Jean-Paul Vesco, archevêque d’Alger ayant pris la nationalité algérienne, est considéré comme ayant des qualités dans le dialogue interreligieux. Tout comme l’Italien Pierbattista Pizzaballa, patriarche latin de Jérusalem, qui comprend Chypre, la Jordanie, la Palestine et Israël. Quant au « papable » le plus politique, il s’agit non pas d’un Français, mais de l’Italien Pietro Parolin, numéro deux du Vatican.
Avoir un réseau… ou non
Etre un homme de réseau peut-il être un atout ? La question agite l’Italie, qui voit en le cardinal Matteo Zuppi, à la tête de l’épiscopat italien, un « papable ». L’homme se distingue notamment par des liens étroits avec Sant’Egidio, pas un ordre religieux mais une communauté d’inspiration libérale. « Au sein du catholicisme, il y a des courants qui cherchent à structurer l’élection du pape en créant des réseaux, soit conservateurs, soit libéraux, et qui essaient de façonner l’état des forces avant même l’élection, commente Charles Mercier. On a parlé des tentatives conservatrices américaines pour que le prochain pape soit plus aligné avec le conservatisme aux Etats-Unis. C’est à double tranchant : les cardinaux électeurs se méfient de ces réseaux, ils peuvent avoir peur d’être manipulés ».
Donner envie aux autres
Comment ces hommes d’Eglise vivent-ils leur foi ? Donnent-ils envie de prier aux autres ? « Tous ces cardinaux se rassemblent sur le fait qu’ils sont unis par la foi. Mais l’élu doit donner envie de prier, de célébrer », selon Denis Pelletier. Or, de nombreux cardinaux « technos », ne célèbrent pas la messe, et peu ou personne ne connaissent leur vie spirituelle. Mgr Christophe Pierre, l’agent diplomatique du Saint-Siège aux États-Unis, ou Dominique Mamberti, le préfet de l’instance juridique suprême du Vatican, attirent moins le regard… et peut-être les suffrages. Quant au cardinal Philippe Barbarin, les chances de l’ancien Primat des Gaules sont nulles, selon le spécialiste des sciences religieuses Denis Pelletier. Poursuivi pour non-dénonciation d’agressions sexuelles sur mineurs par le père Preynat, Mgr Philippe Barbarin a été condamné par la justice française en 2019, avant d’être relaxé en 2020. Il a quitté la même année ses fonctions d’archevêque.
Notre dossier sur le Vatican
Verdict ?
Les Français ont-ils une chance d’être élus pape ? Parmi les 138 cardinaux électeurs, le petit contingent français « papable » ne démérite pas, avec des qualités reconnues au-delà des frontières, comme la vision d’une Eglise des marges ou des qualités relationnelles… Mais là n’est pas vraiment la question quand les mécaniques du conclave sont très spécifiques. « C’est une assemblée qui s’oriente au fil des discussions, selon Denis Pelletier.

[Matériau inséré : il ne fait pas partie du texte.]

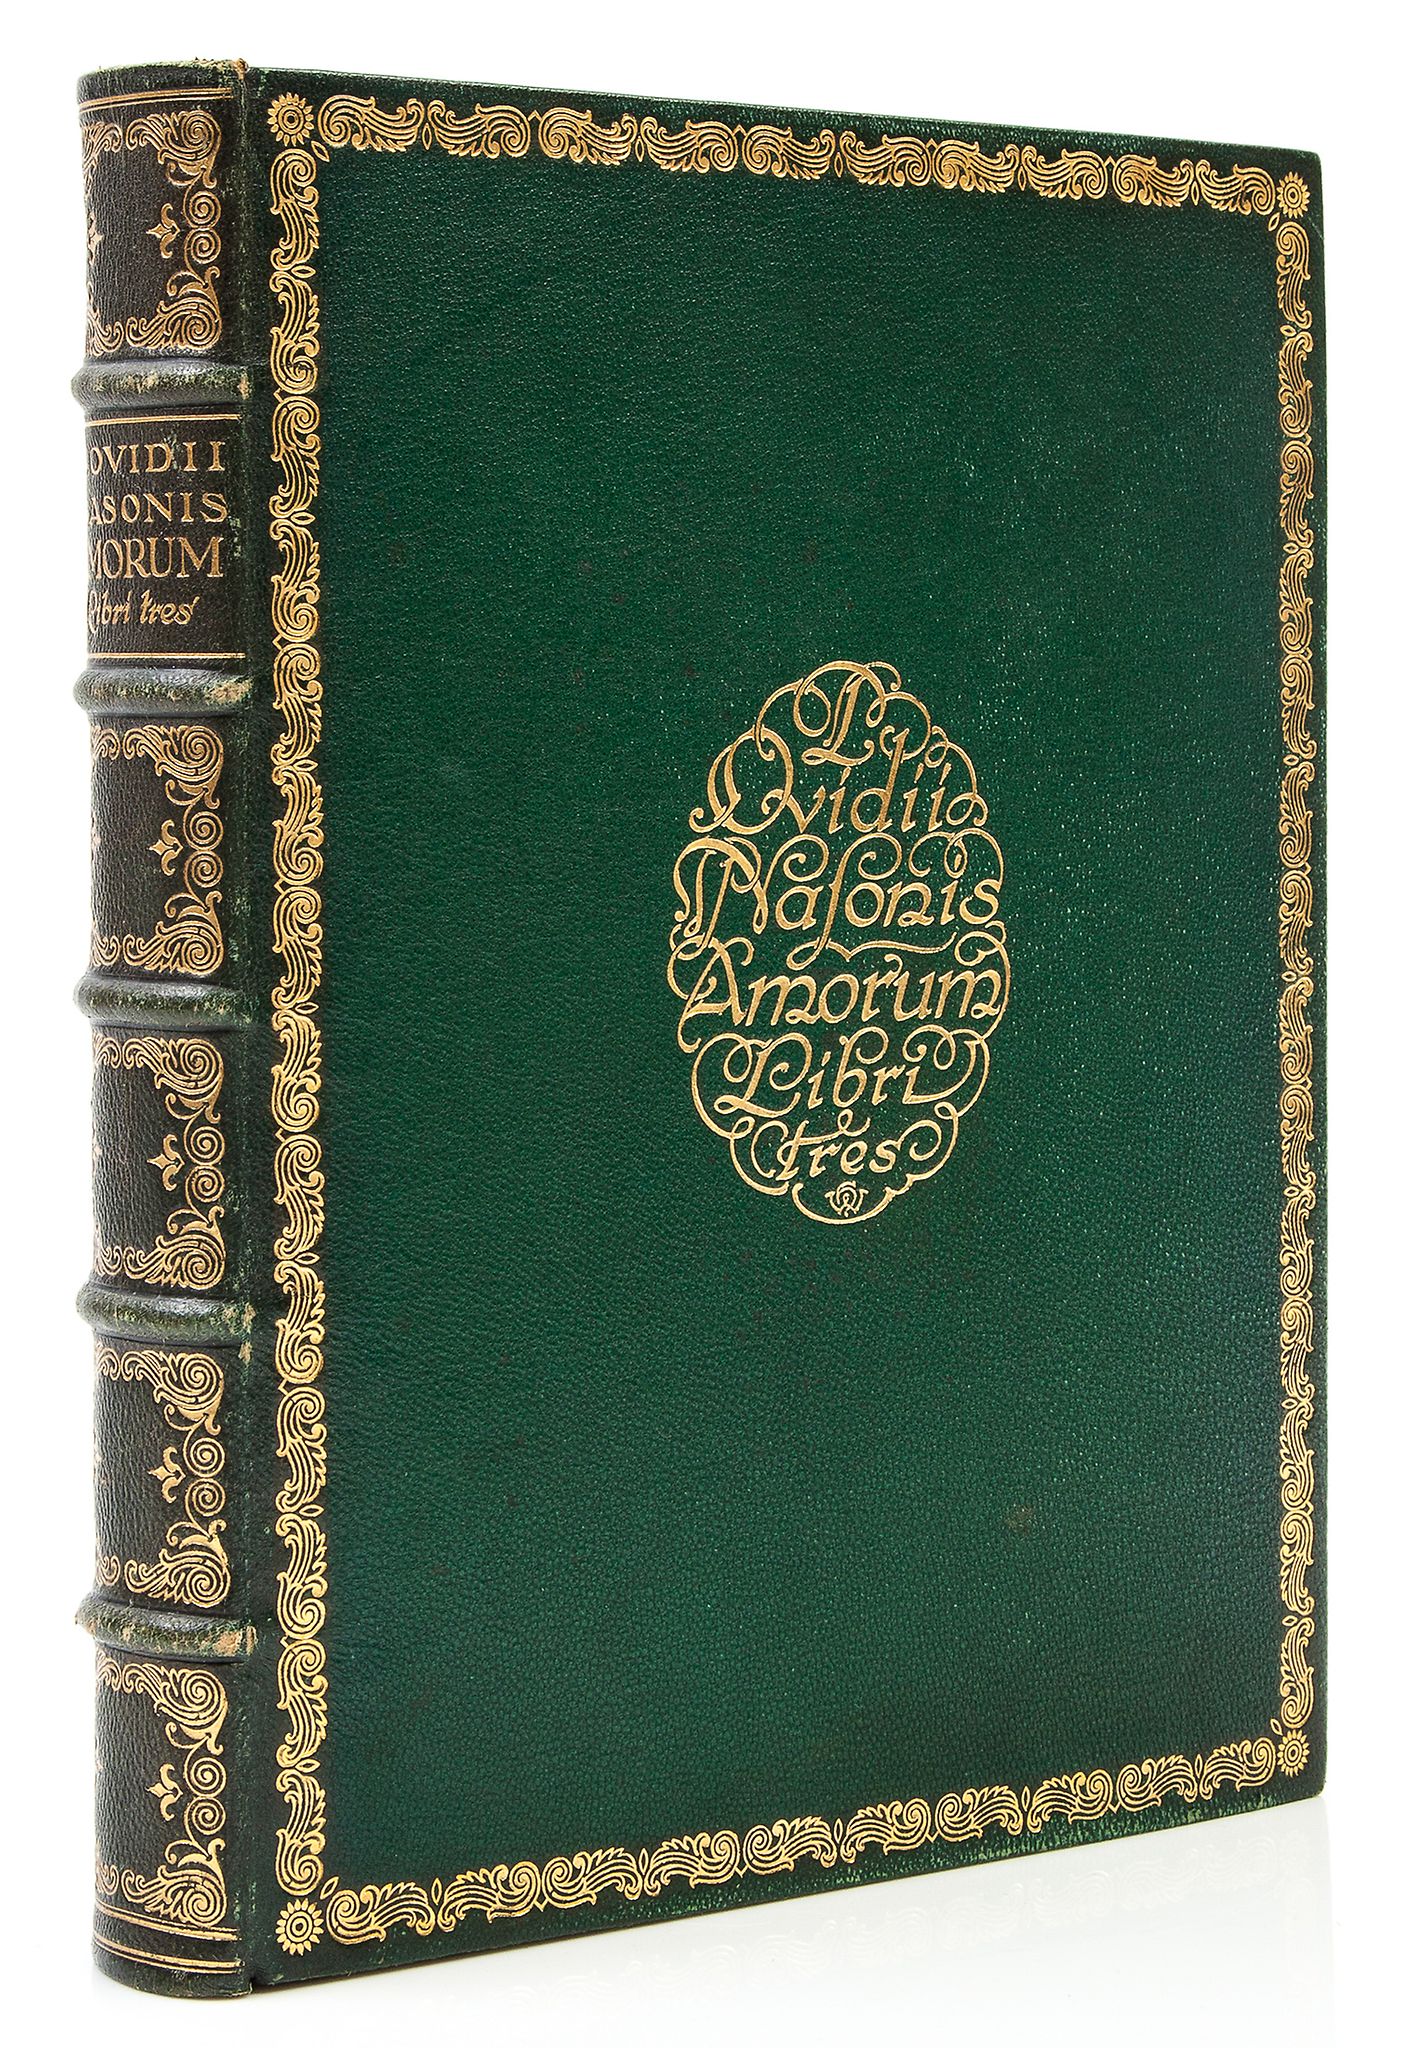 Ovidius Naso (Publius) - Amorum libri tres,  translated by Rudoph Schott,   number 30 of 50 copies

Et c’est plus facile d’orienter une assemblée quand on est Italien, avec toute la culture italienne, et que l’on a été formé au contact des cardinaux européens précédents, que quand on vient de Singapour… même si l’archevêque de Singapour est un type très bien. Ce qui joue dans ces assemblées, c’est être du métier, de la boutique, c’est-à-dire avoir ces codes. Sans caricaturer, c’est mieux d’être Italien, ou Européen ».
Quant aux « papables » François-Xavier Bustillo, Jean-Paul Vesco et Jean-Marc Aveline, les pronostics internationaux ne leur sont, aujourd’hui, pas favorables. « Les trois ont été nommés cardinaux par François et pourraient apparaître comme trop dans sa continuité, estime l’historien Charles Mercier. Tout dépend de la fiche de poste recherchée par les cardinaux. S’ils préfèrent élire quelqu’un dans la continuité de François ou s’ils veulent une rupture. »
* Bernard Lecomte est l’auteur de nombreux ouvrages sur le Vatican, dont le dernier « France-Vatican, deux siècles de guerres secrètes », aux éditions Perrin (2024).